Source: NACLA Report on the Americas
On the evening of Saturday, September 22, human rights lawyer Antonio Trejo stepped outside a wedding ceremony to take a phone call. Standing in the church parking lot of a suburb of Tegucigalpa, Honduras, he was shot six times by unknown assailants. Despite his requests, he had been granted no police protection in the face of death threats; Trejo had believed he would be targeted by wealthy landowners over his outspoken advocacy on behalf of small farmers seeking to reclaim seized territories.1 In his death, Trejo joined dozens of fallen peasant leaders whom he had defended, as well as murdered opposition candidates, LGBT activists, journalists, and indigenous residents. All were victims of the violence and impunity that has reigned in Honduras since the 2009 coup d’état against its democratically elected and left-leaning president, Manuel Zelaya.
Earlier that day, Trejo had appeared on television, denouncing the powerful interests behind the government’s push for ciudades modelos—swaths of land to be ceded to international investors and developed into autonomous cities, replete with their own police forces, taxes, labor codes, trade rules, and legal systems. He had helped prepare motions declaring the proposal unconstitutional.

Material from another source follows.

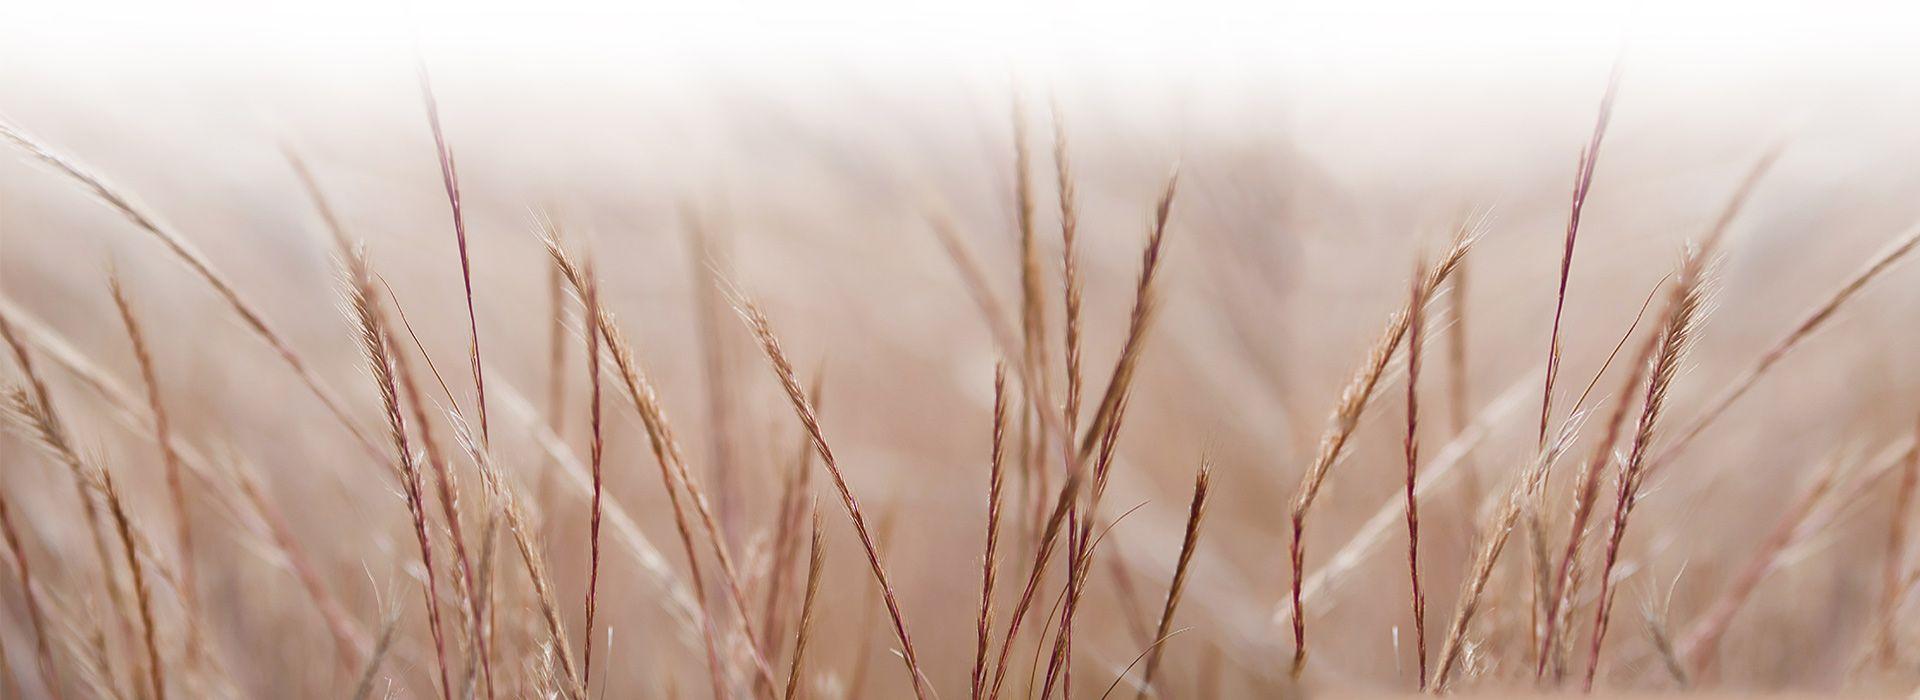 pamper grass

This concept of “charter cities” has been promoted for a couple of years by Paul Romer, a University of Chicago–trained economist teaching at New York University. He described his brainchild in a co-authored op-ed as “an effort to build on the success of existing special zones based around the export-processing maquila industry.” A “new city on an undeveloped site, free of vested interests” could bypass the “inefficient rules” that hinder “peace, growth and development” worldwide, he argued. With new and stable institutions, the charter city could become an “attractive place for would-be residents and investors.”2
The international press swooned over Romer’s revolutionary idea: Foreign Policy magazine named him one of its Top 100 Global Thinkers of 2010 for “developing the world’s quickest shortcut to economic development”;3 that same year, The Atlantic dedicated a 5,400-word paean to Romer and his “urban oases of technocratic sanity,” which held the promise that “struggling nations could attract investment and jobs; private capital would flood in and foreign aid would not be needed.”

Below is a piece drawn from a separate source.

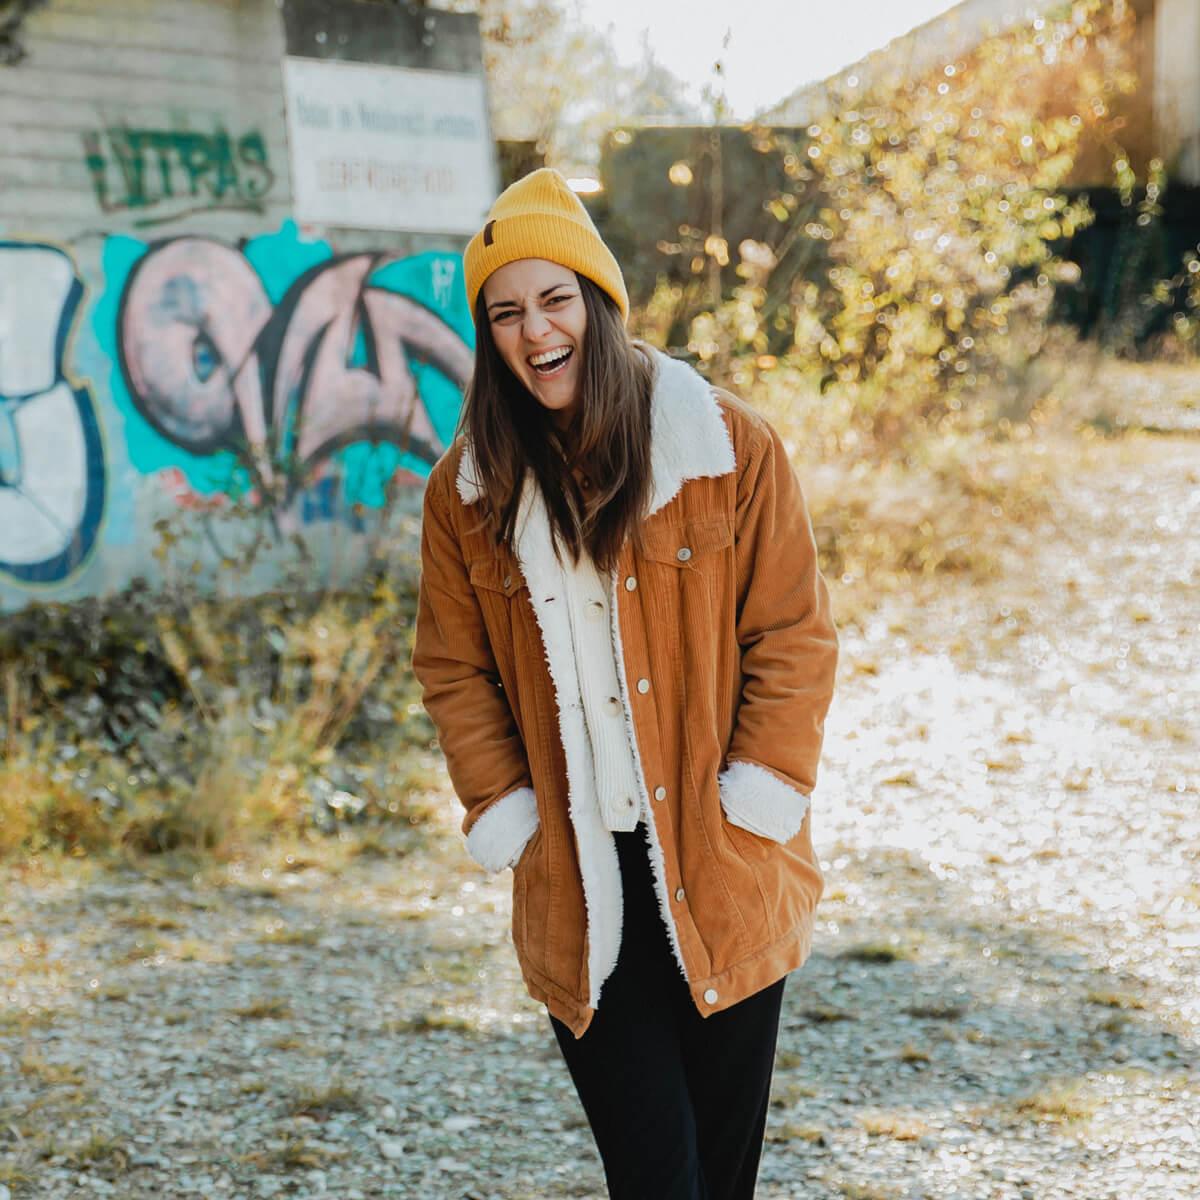 Herbstsonne-lachende-Frau-vor-Graffitti

But the applicability of Romer’s radical vision in Honduras always depended on the enthusiasm of the authoritarian, post-coup government of Porfirio Lobo. Lobo owes his presidency to the sham elections of 2009, which took place under the U.S.-backed de facto military government that overthrew Zelaya and were marred by violent repression and media censorship. With the exceptions of the U.S.-financed International Republican Institute and National Democratic Institute, international observers boycotted the electoral charade that foisted Lobo into power.